1 S’interroger sur la mission de la protection sociale au XXIe siècle et sur ses éventuelles ambiguïtés suppose de revenir à sa vocation première. La protection sociale ne consiste pas seulement dans la reconnaissance des risques et l’assurance des accidents : elle vise à transformer l’incertitude en risque pour mutualiser et réduire celui-ci et ainsi atténuer l’inégalité sociale. Cette mission, qui relève de la logique de l’assurance et de la solidarité, est donc éminemment éthique et politique et diverge en cela de l’assurance privée. Il ne s’agit pas tant d’assurer des accidents individuels que de produire de la sécurité collective. Cette fonction de sécurisation au fondement d’un État Providence qui entend mesurer, superviser et prévoir la société s’appuie sur la distinction établie en 1921 par Franck Knight [1921] [1] entre risque et incertitude : « Il faut distinguer entre deux types d’incertitude, celle qui est mesurable et celle qui ne l’est pas. On utilisera le mot “risque” pour l’incertitude qui est mesurable et l’on réservera “incertitude” aux situations qui ne sont pas mesurables. » Si la vie sociale est incertaine au sens de Knight, alors l’État Providence ne pourra pas protéger le bien-être humain. Mais si les accidents sociaux peuvent être normalisés, au sens statistique du terme, alors l’apparente fatalité peut être standardisée et domestiquée. On passe de risques individuels imprévisibles à un risque social maîtrisable, parce que calculé et mutualisé.
2 On peut ainsi distinguer trois étapes conceptuelles dans la constitution graduelle des régimes de protection sociale à partir du début du XIXe siècle.
1 – Les trois étapes de la protection sociale
3 La première étape, antérieure au XIXe siècle et à l’avènement des protections collectives, est celle de l’incertitude à laquelle ne peut répondre que la prière solitaire. François Ewald [1986] le dit bien : « Pendant longtemps, on a mutualisé les risques à travers l’Église et la religion : on répondait au risque par la Providence.
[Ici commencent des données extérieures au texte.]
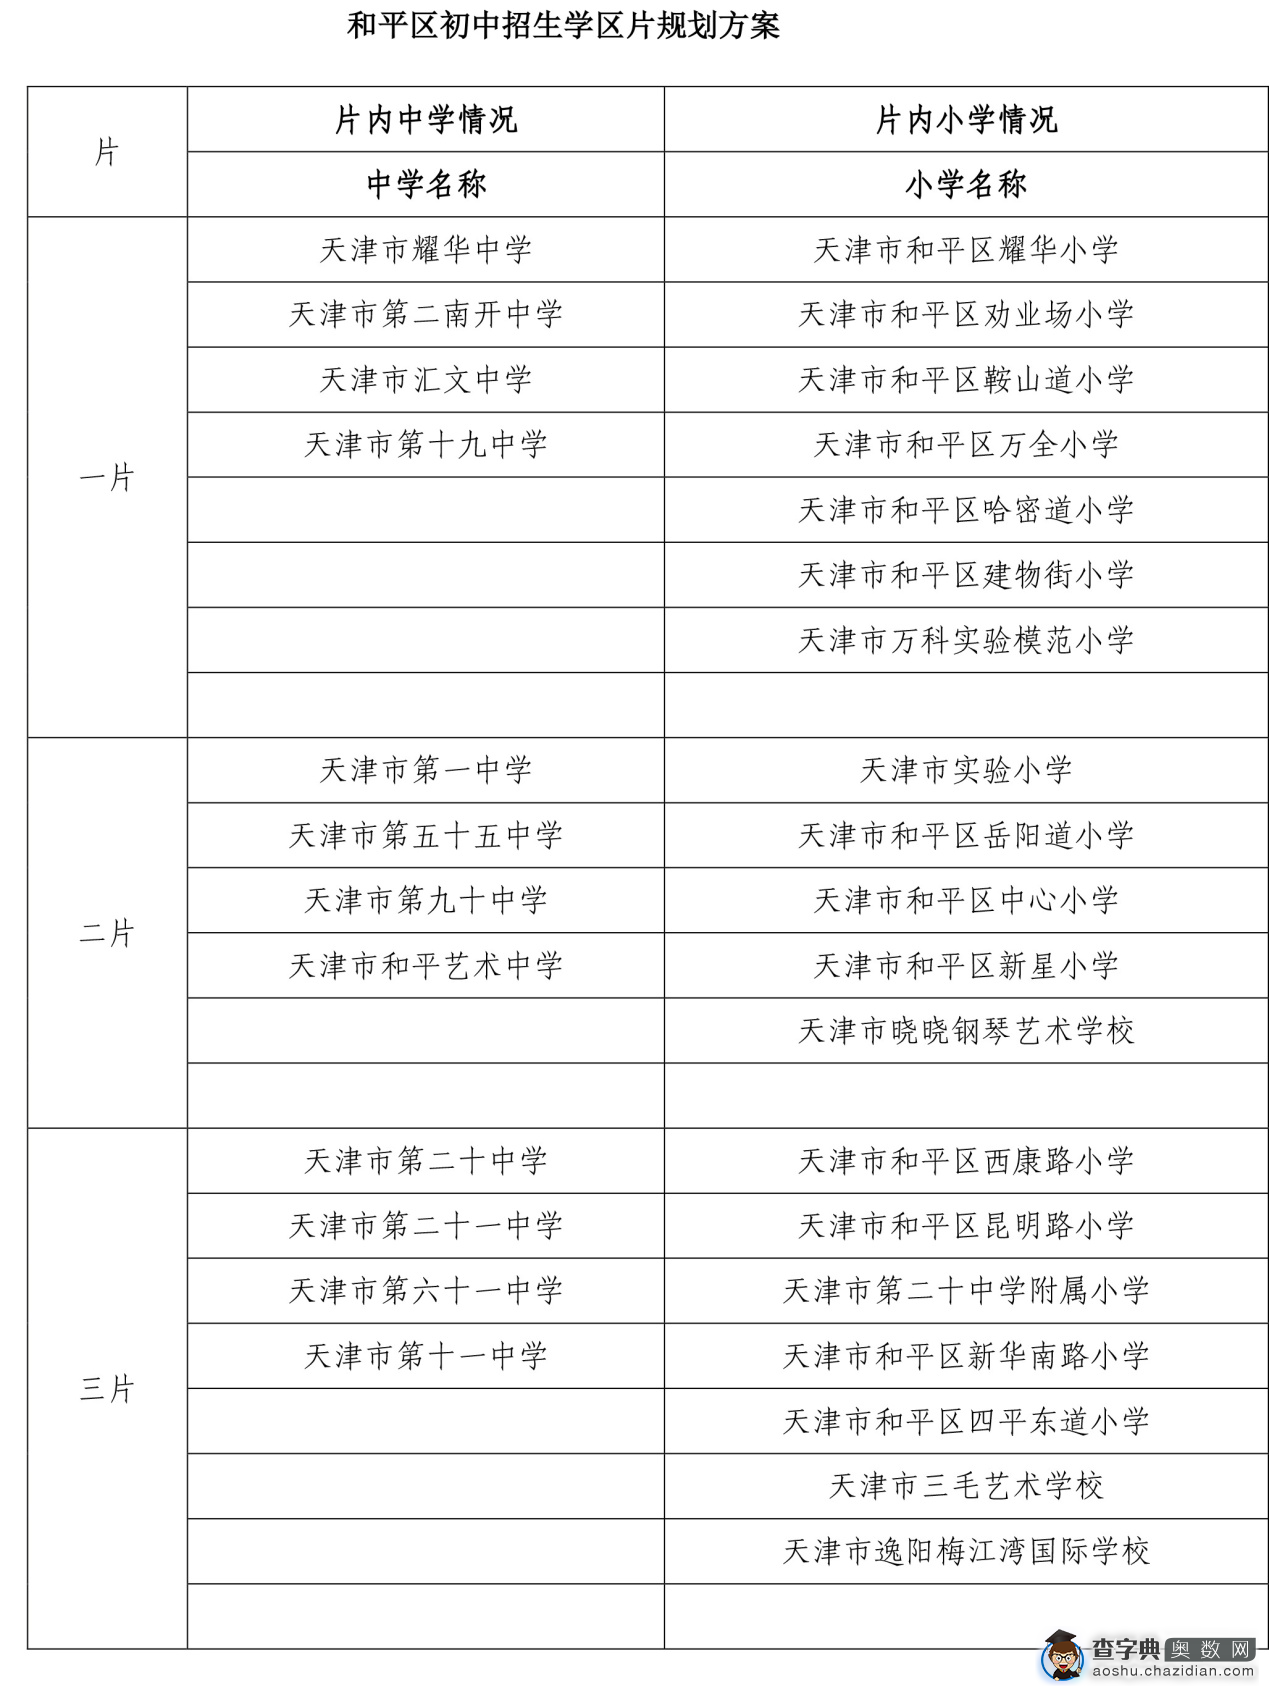 2016天津和平区小升初流程汇总1

Plus la volonté divine était incompréhensible, plus il fallait avoir la foi » [Ewald, 1986, p. 72]. Mais, comme le remarque Ewald, « cette réponse s’est épuisée en 1755 avec le tremblement de terre de Lisbonne. Par un phénomène de dissolution soudaine, une manière commune de vivre les événements est devenue impossible : celle de l’optimisme leibnizien. Dès lors, on dira que c’est la nature et l’imprévoyance humaines qui sont les causes de nos malheurs et non la volonté divine. Le risque devient à la fois un problème individuel par la souffrance qu’il implique et un problème social par les responsabilités qu’il met en cause. »
4 Deuxième étape : la prévoyance devient l’expression de la responsabilité morale. La prévoyance (et l’imprévoyance) est d’abord individuelle, chacun prenant et assumant ses risques, puis elle devient collective, avec, en France, les sociétés de secours mutuel qui seront reconnues en 1835 et encouragées par la loi du 1er avril 1898 sur les accidents du travail. Cette dernière fait basculer le système français vers la protection sociale et la troisième étape, où la solidarité répond au risque social. On distingue entre l’exposé des motifs et l’article 1er de l’ordonnance du 4 octobre 1945, cette métamorphose de l’incertitude en risque. L’incertitude est le problème social explicitement désigné dans l’exposé des motifs :
La sécurité sociale est la garantie donnée à chacun qu’en toutes circonstances il disposera des moyens nécessaires pour assurer sa subsistance et celle de sa famille dans des conditions décentes. Trouvant sa justification dans un souci élémentaire de justice sociale, elle répond à la préoccupation de débarrasser les travailleurs de l’incertitude du lendemain, de cette incertitude constante qui crée chez eux un sentiment d’infériorité et qui est la base réelle et profonde de la distinction des classes entre les possédants sûrs d’eux-mêmes et de leur avenir et les travailleurs sur qui pèse, à tout moment, la menace de la misère.
6 L’article 1er de l’ordonnance y apporte la solution de la mutualisation du risque en affirmant :
Il est institué une organisation de la sécurité sociale destinée à garantir les travailleurs et leurs familles contre les risques de toute nature susceptibles de réduire ou de supprimer leur capacité de gain, à couvrir les charges de maternité et les charges de famille qu’ils supportent.
8 La protection sociale est donc bien la mutualisation du risque social en vue de sa réduction et d’une répartition plus équitable de sa charge entre les citoyens. Or, en ce début de XXIe siècle, le risque social ne peut pas être pensé (et mutualisé) en dehors des crises écologiques qui menacent de plus en plus lourdement le bien-être humain, comme le démontrent les ravages des ouragans qui se sont formés dans l’Atlantique, à quelques jours d’intervalle, en septembre 2017. Mais si cette transformation de l’incertitude écologique en risque social est souhaitable, est-elle possible ?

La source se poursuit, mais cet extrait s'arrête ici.